From March 25 to April 14, when the nation was thrown without warning into the chaos of a lockdown, Don Bosco Network and other nongovernmental organizations leapt to rescue the poor and stranded across India. These organizations also fed the poor, sheltered the stranded, and provided reassurance and preventive education.
With its immense reach, Don Bosco Network, consisting of 354 Don Bosco organizations across the states of India, has fed 1,082,446 people either through cooked food or grocery kits since the start of the lockdown. The organization manufactured and distributed 410,375 masks to people who would otherwise have no access.
The Don Bosco Network reached out to refugees and people living in slums and on the streets, providing food and awareness about COVID-19. They identified migrants in Kerala, Gurugram and elsewhere in their makeshift homes. Relief efforts were also focused on those who were completely locked in—from the elderly in the south to the children in the northeast. Don Bosco Network provided shelter and transport where possible to stranded people. Medical aid, health camps and psychological services were also provided.
“The Don Bosco Network sprung to action and has been working tirelessly for those in need,” said Father Gus Baek, director of Salesian Missions, the U.S. development arm of the Salesians of Don Bosco. “The network has also supported government infrastructure through funds and supplied health workers, police and other government personnel with protective face masks.

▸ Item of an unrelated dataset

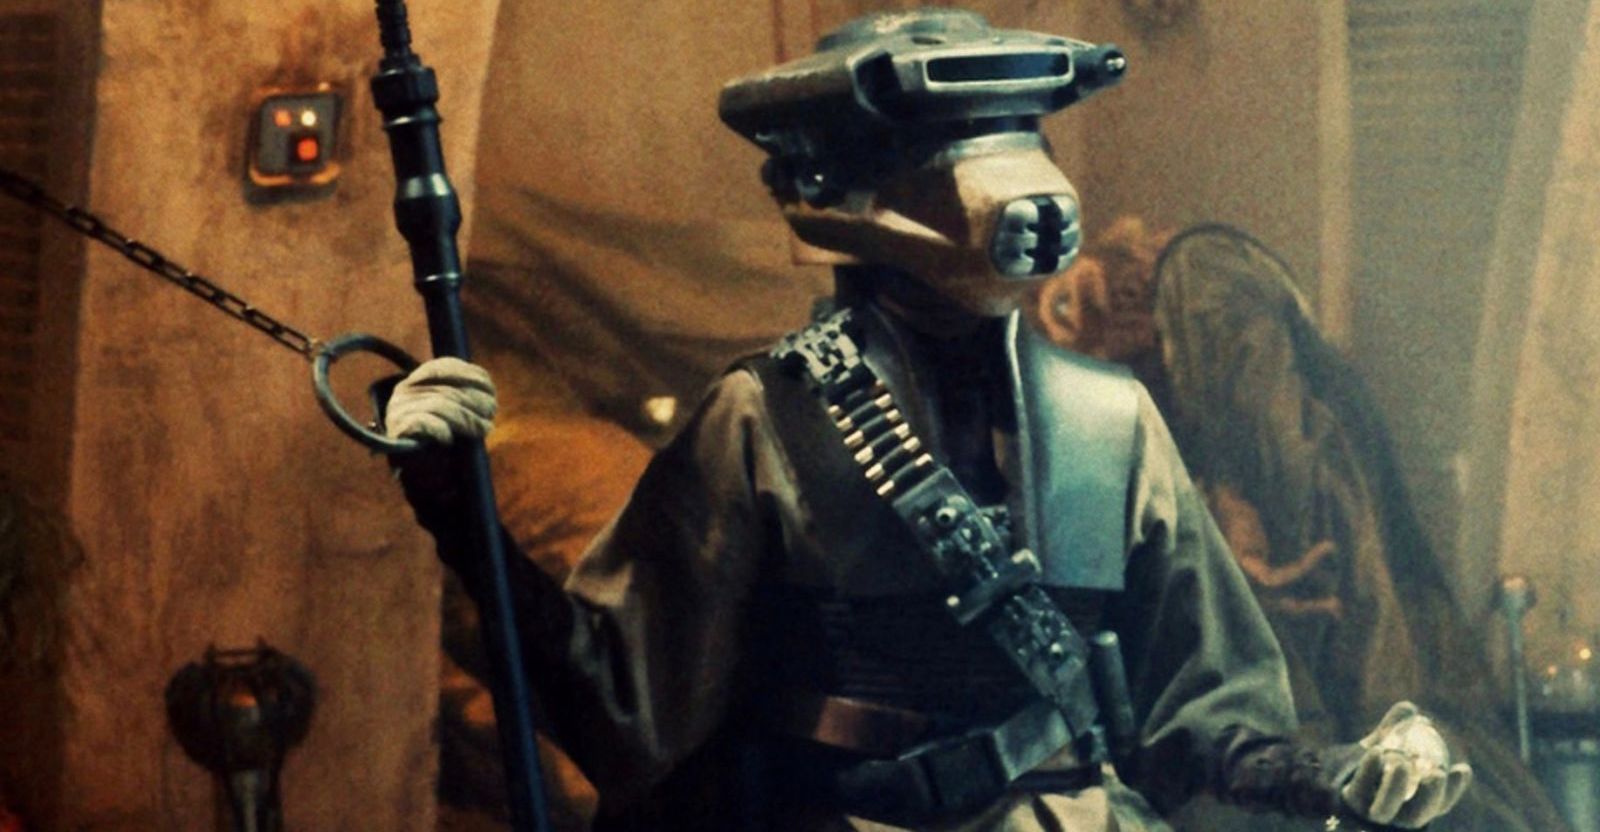 Star Wars Leia bounty hunter disguise

In addition, they partnered with the local administration in many places to coordinate relief work for the maximum benefit of those in need.”
The massive relief work that the Don Bosco Network and other organizations managed during these past months is not sustainable without funding. As economic uncertainty clouds the world’s horizon and jobs disappear, the Don Bosco Network has to find different ways to help already marginalized people cope with these long-term challenges while supporting them in the short-term.
India has the world’s fourth largest economy but more than 22 percent of the country lives in poverty. About 31 percent of the world’s multidimensionally poor children live in India, according to a report by the Oxford Poverty and Human Development Initiative. A multidimensionally poor child is one who lacks at least one-third of 10 indicators, grouped into three dimensions of poverty: health, education and standard of living.
Salesian missionaries living and working in India place special emphasis on rescuing and rehabilitating children engaged in child labor. There are Salesian-run programs throughout the country that have helped hundreds of thousands of vulnerable youth through the years, and this work continues today.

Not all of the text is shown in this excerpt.